Metadata-Version: 2.3
Name: zhuntrs
Version: 0.0.4
Classifier: Programming Language :: Rust
Classifier: Programming Language :: Python :: Implementation :: CPython
Classifier: Programming Language :: Python :: Implementation :: PyPy
License-File: LICENSE
Summary: Z-Hunt[rs] is a Rust port of the Z-Hunt algorithm for predicting the propensity of DNA to adopt a left-handed Z-DNA conformation.
Author: Aleksandr Fedorov
License: MIT
Requires-Python: >=3.8
Description-Content-Type: text/markdown; charset=UTF-8; variant=GFM
Project-URL: Source Code, https://github.com/biomancy/zhuntrs

## Z-Hunt[rs]

This repository contains a Rust port of the [Z-Hunt algorithm](https://pubmed.ncbi.nlm.nih.gov/1601856/), which is
designed to predict the propensity of DNA to adopt a left-handed Z-DNA conformation. Unlike the original implementation,
this version is intended to be used as a standalone Python library.
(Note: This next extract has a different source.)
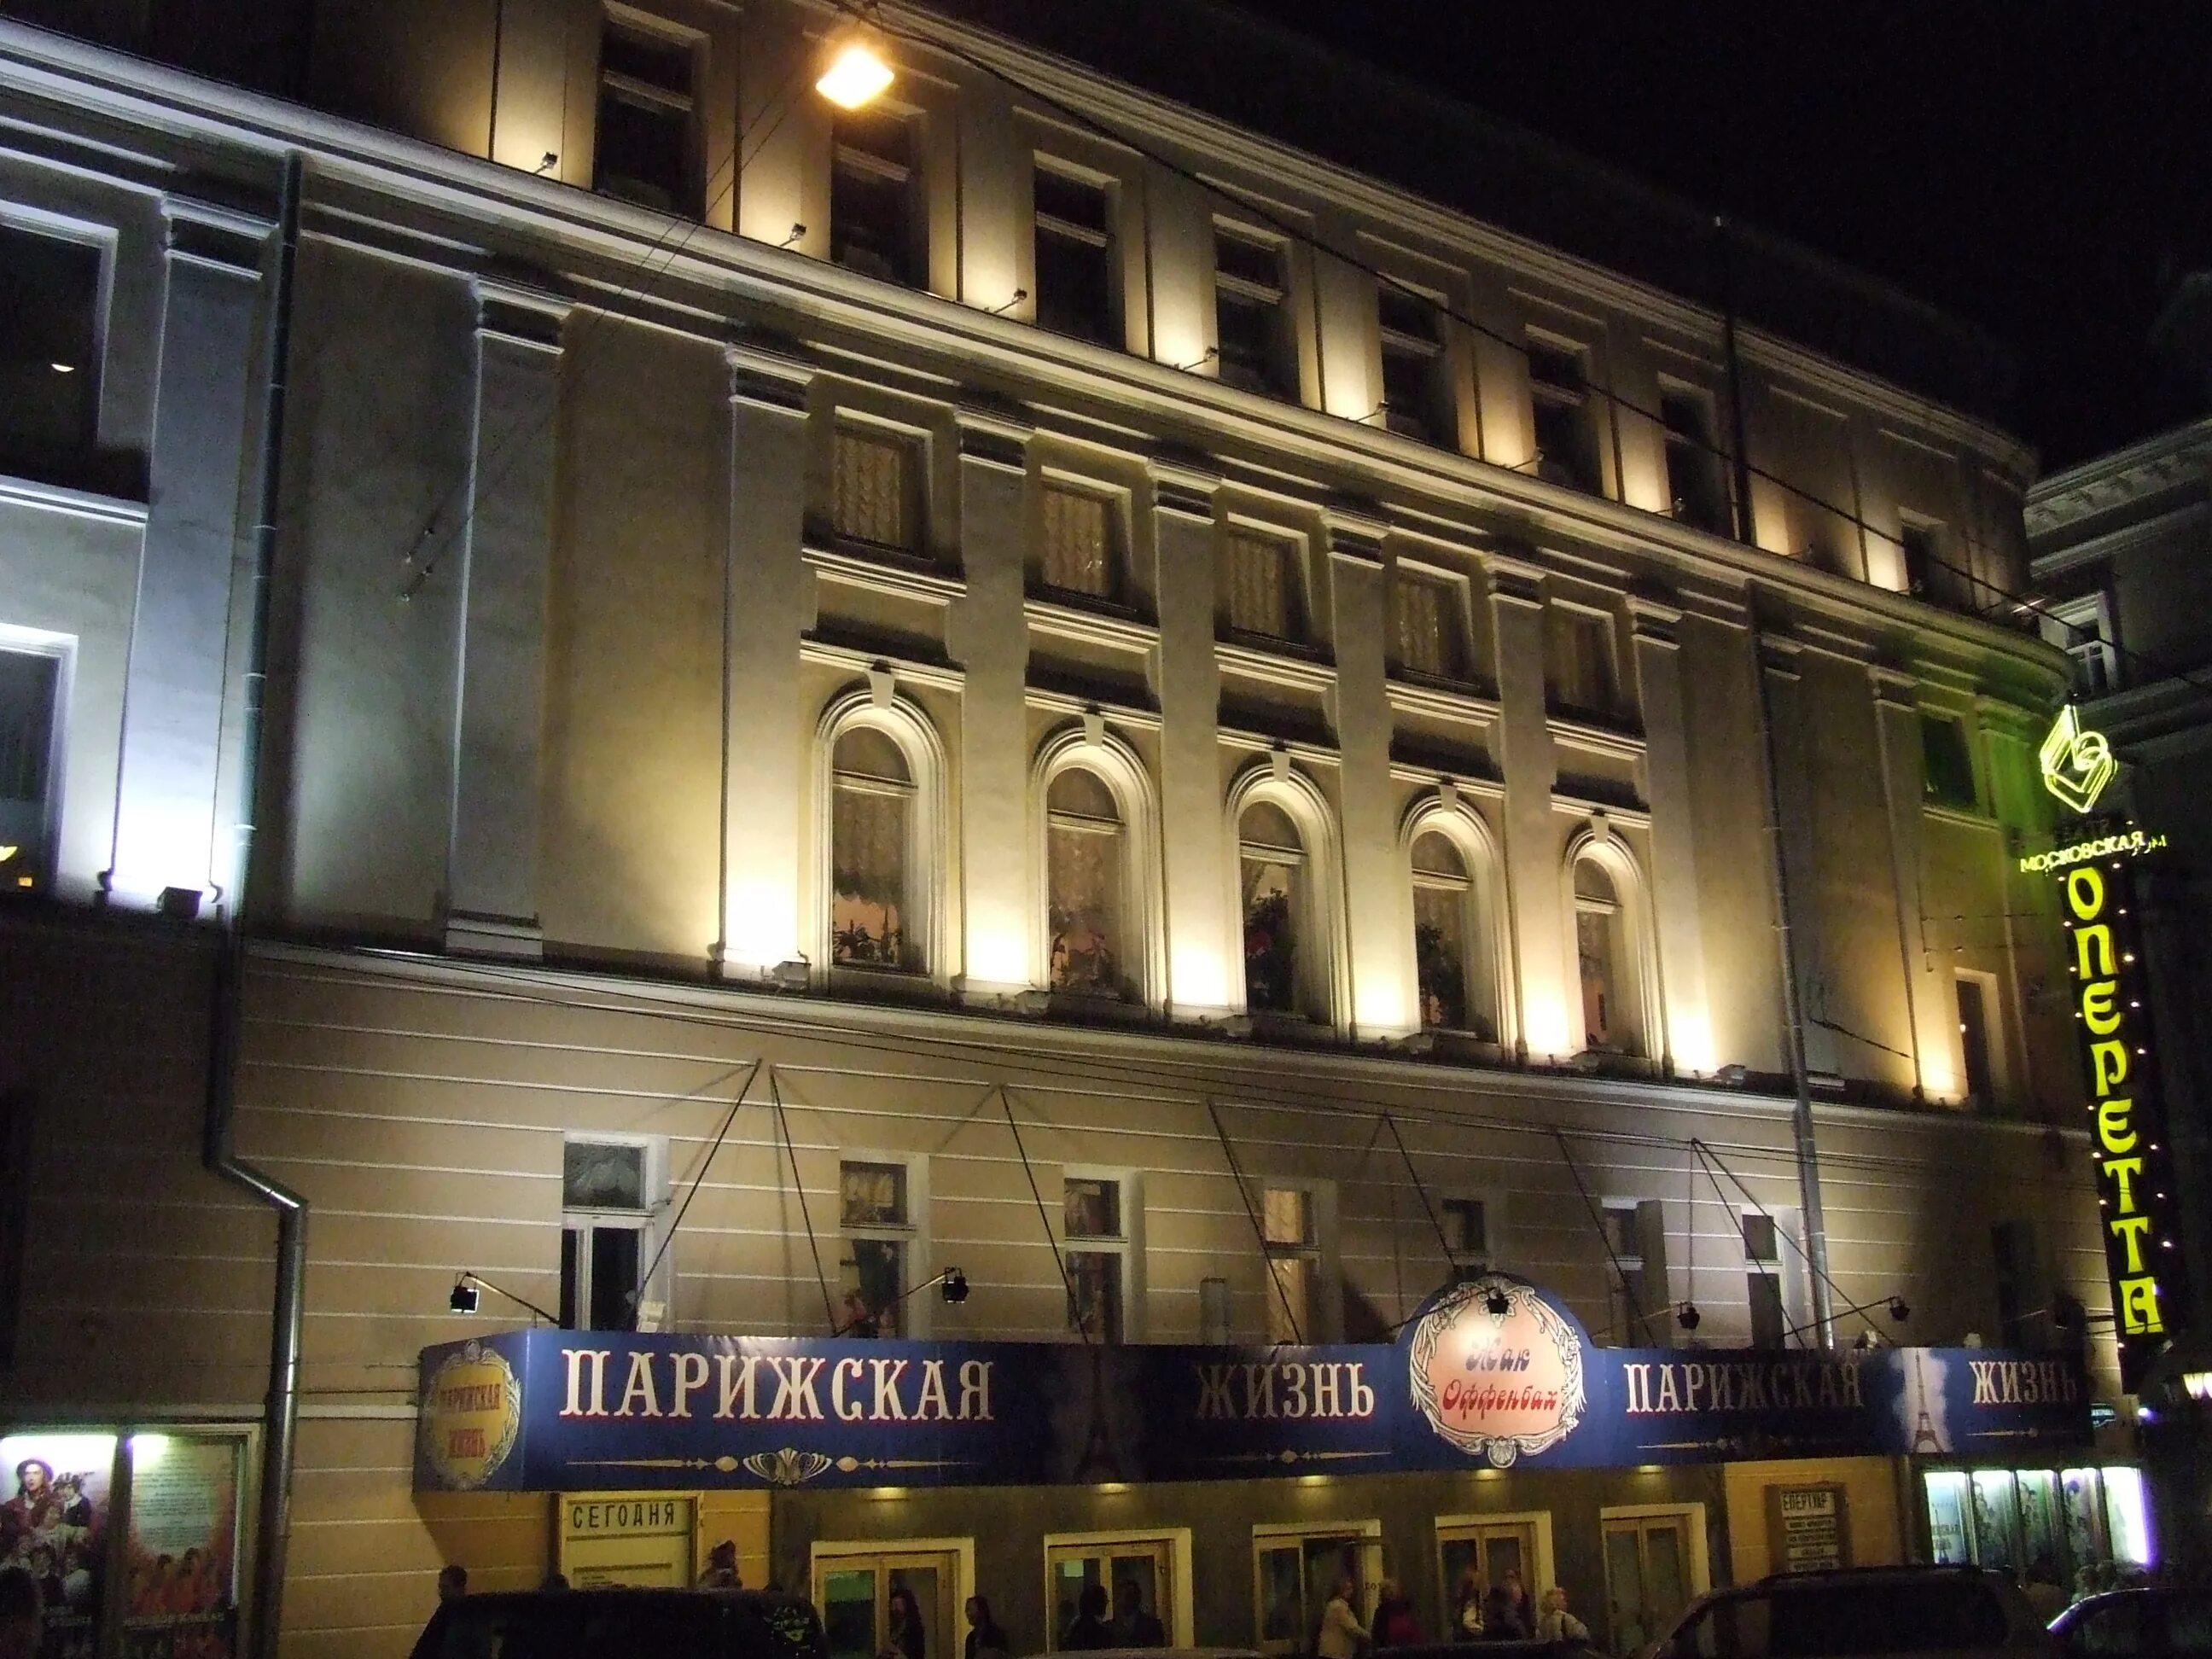 Улица большая дмитровка 6 театр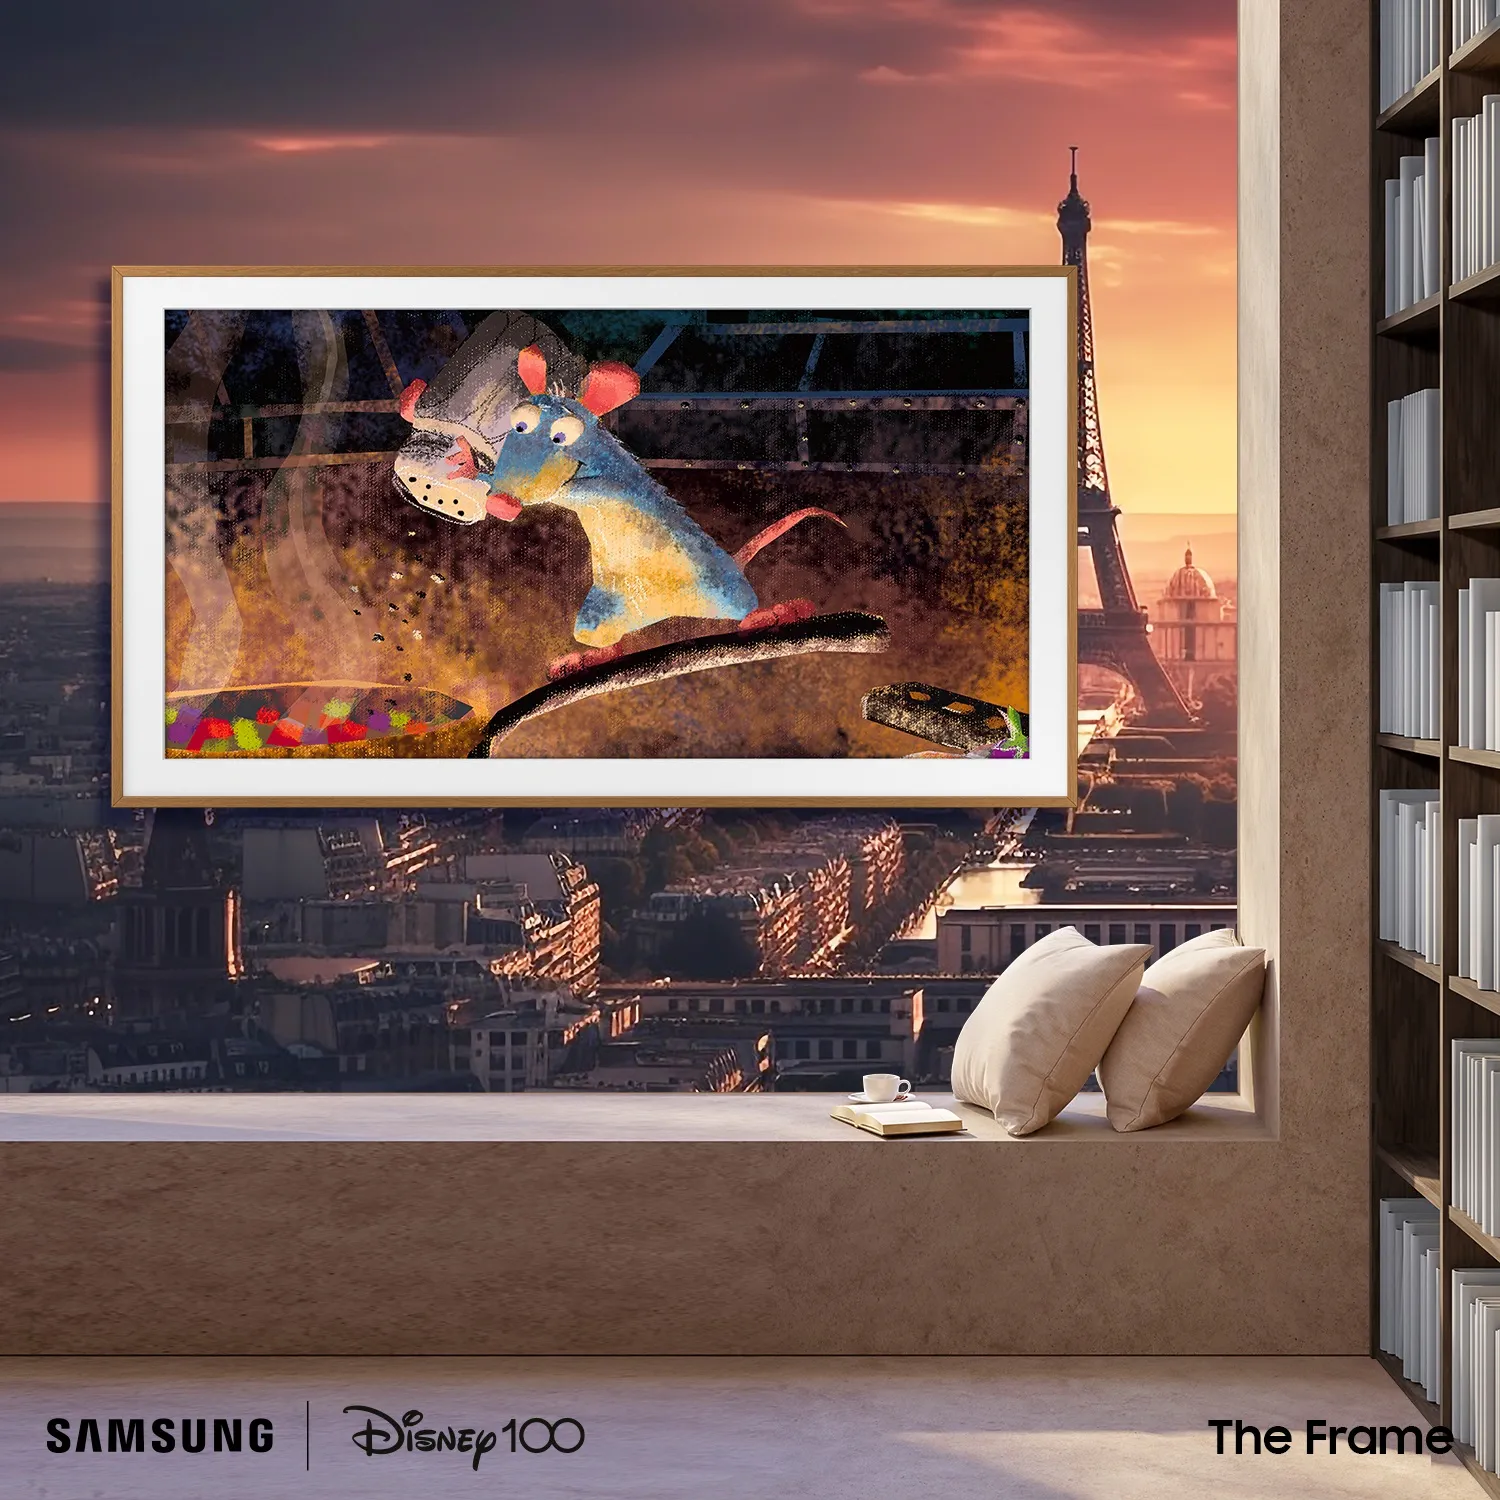 Samsung kỷ niệm 100 năm thành lập Disney với The Frame-Disney100

This Rust port is fully compatible with the original C implementation. Please refer to
the [Compatibility](#compatibility) section for more details.

### Installation

The library can be installed from PyPI using `pip`:

```shell
pip install zhuntrs
```

### Usage

Here is a simple example of how to use the library in Python:

```python
import zhuntrs

sequence = "nATGCGCGCGGCATGC".encode("ASCII")  # The target sequence (only ATGCN are accepted, case insensitive)
mindn, maxdn = 3, 6  # Minimum and maximum length of evaluated DNA windows in dinucleotides
threshold = 1_000  # Windows with a ZH-score below this threshold will not be reported

# Make a prediction
start, end, score, window, conformation = zhuntrs.predict(sequence, mindn, maxdn, threshold)

# start: start coordinates of evaluated DNA windows
assert start == [0, 1, 2]

# end: end coordinates of DNA windows starting at the above coordinates and 
#      having the highest ZH-score among [mindn; maxdn] windows
assert end == [10, 11, 10]

# score: ZH-score for each window
assert [int(zh) for zh in score] == [2220, 1057, 3428]

# window: DNA sequence for each window:
#         window[i] = sequence[start[i]:end[i]]
assert window == ['NATGCGCGCG', 'ATGCGCGCGG', 'TGCGCGCG']

# conformation: DNA conformation (anti/syn) for each window
assert conformation == ['ASASASASAS', 'SASASASASA', 'ASASASAS']
```

Note: the default behaviour of the original implementation is to "wrap around" windows at the end of the sequence.
It can be enabled by passing `wrap=True` to the `predict` function.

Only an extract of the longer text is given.